Problem
Output the data below exactly, without images.

Data excerpt
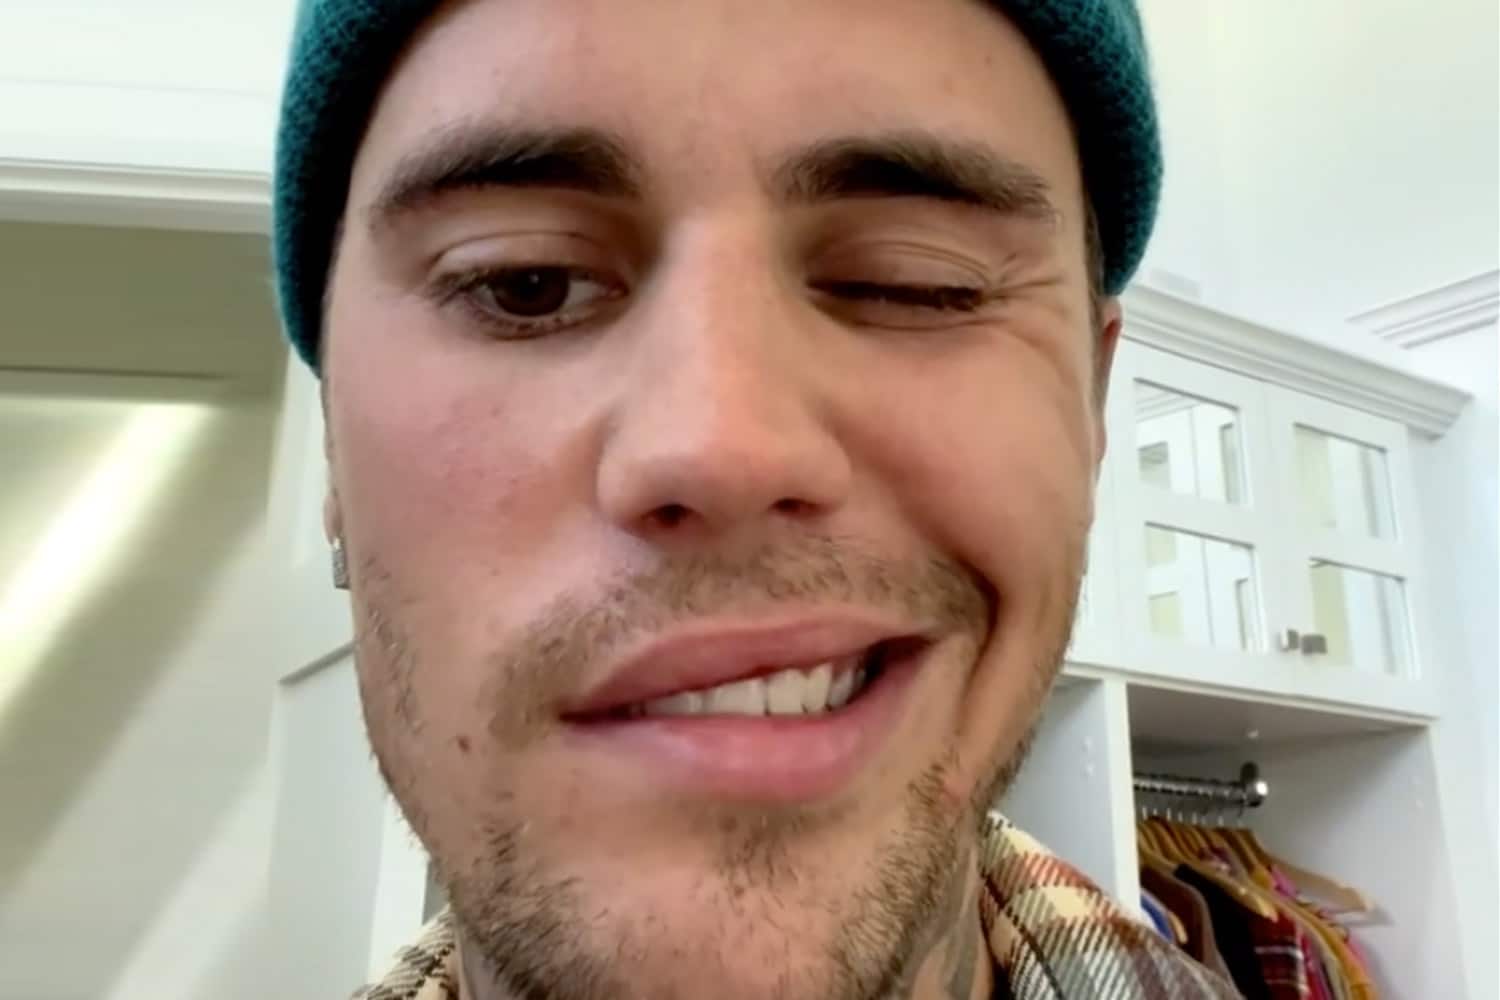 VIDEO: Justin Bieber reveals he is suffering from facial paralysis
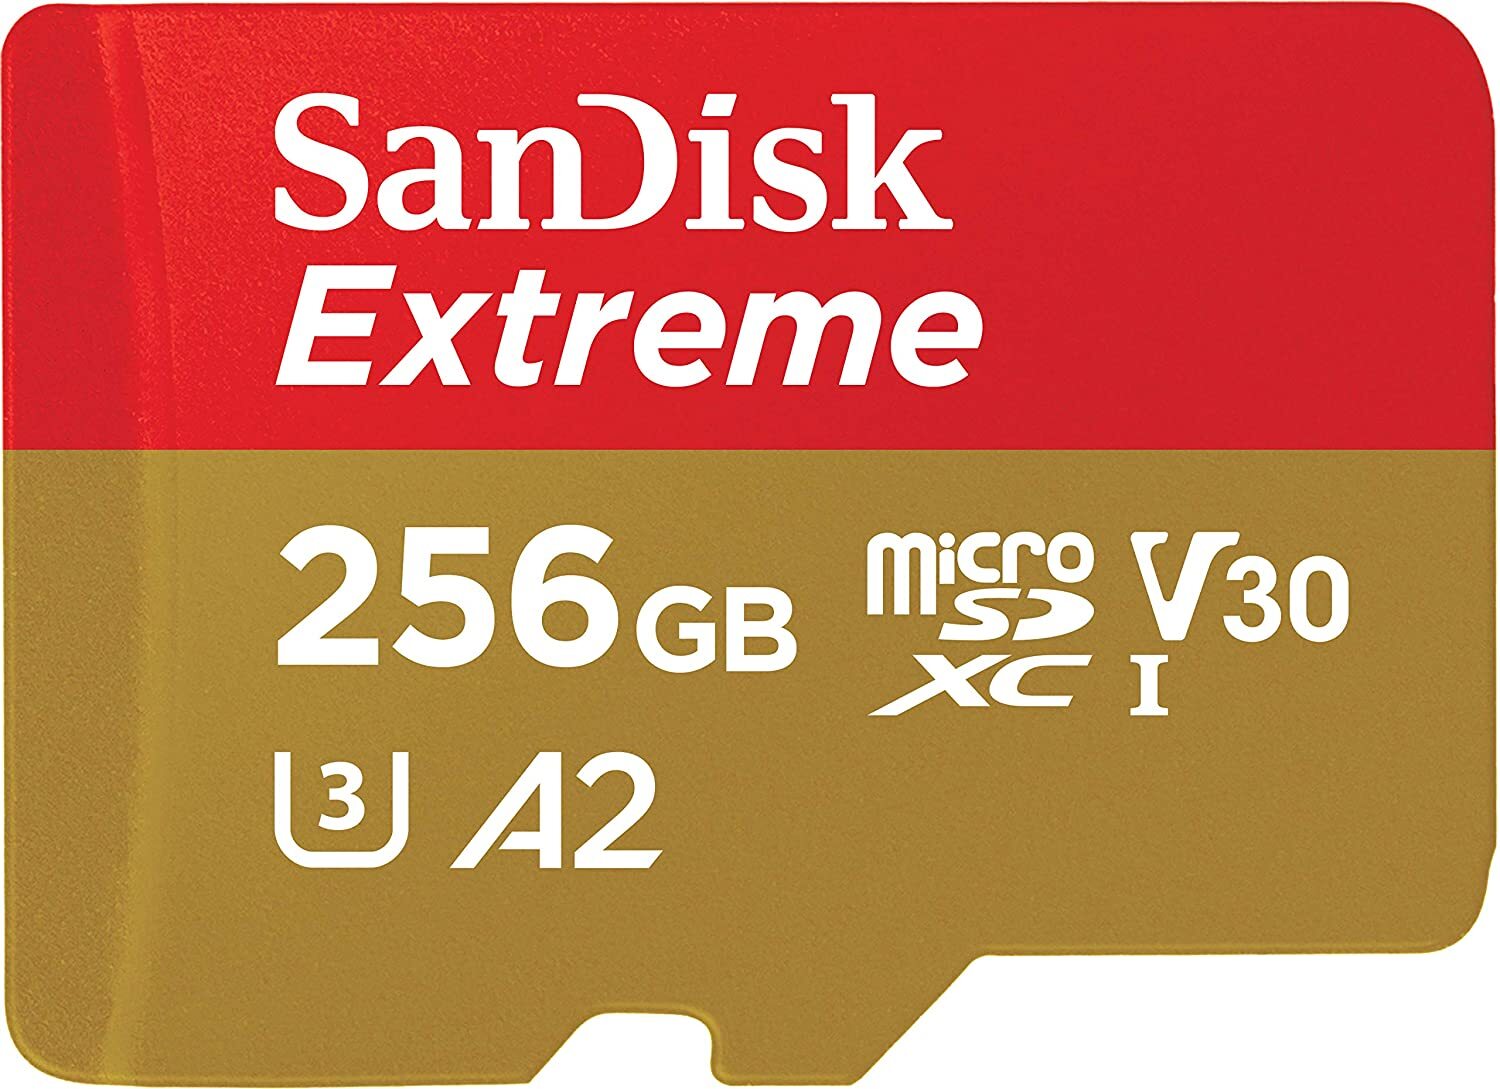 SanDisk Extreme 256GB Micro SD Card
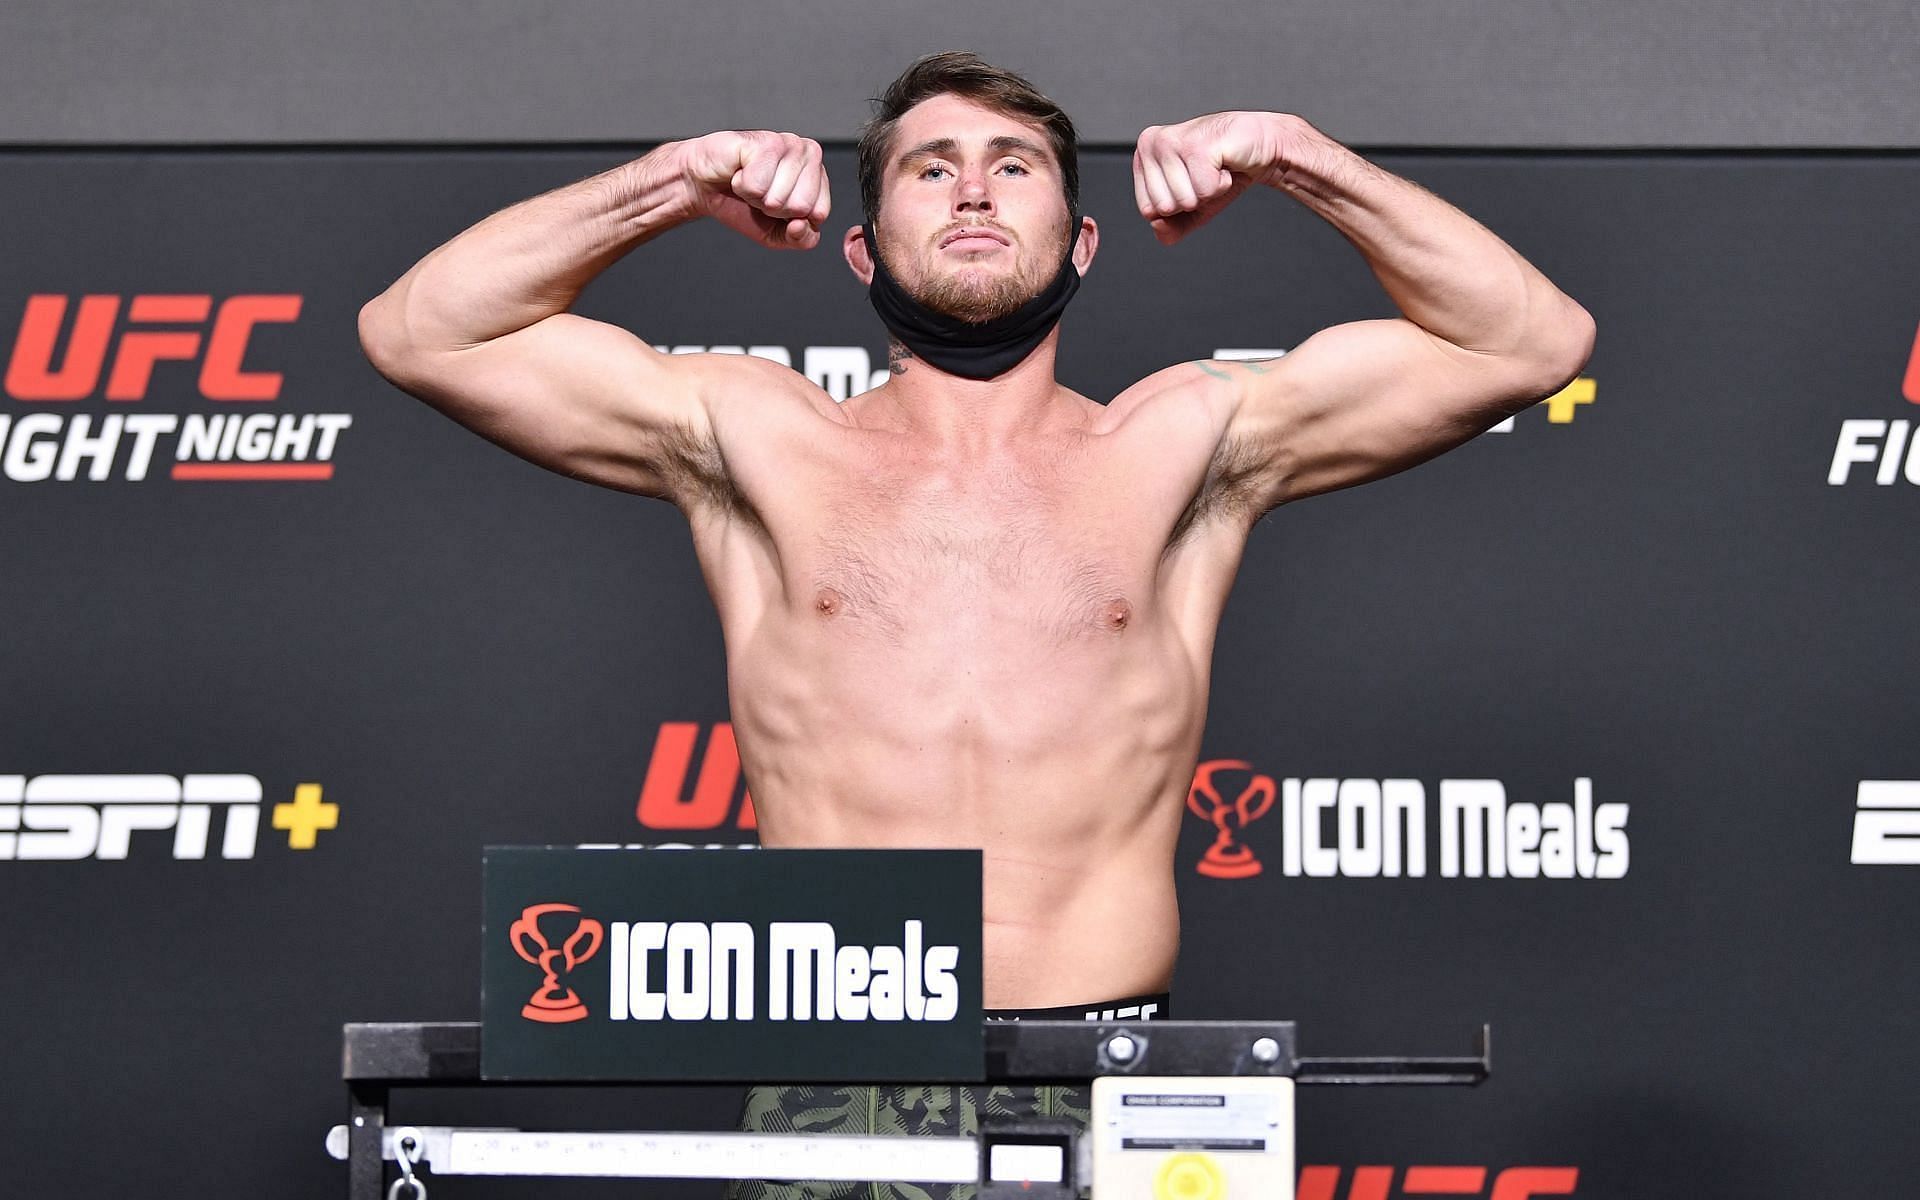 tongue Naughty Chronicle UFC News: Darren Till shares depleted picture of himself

Exercise result
 VIDEO: Justin Bieber reveals he is suffering from facial paralysis
 SanDisk Extreme 256GB Micro SD Card
 tongue Naughty Chronicle UFC News: Darren Till shares depleted picture of himself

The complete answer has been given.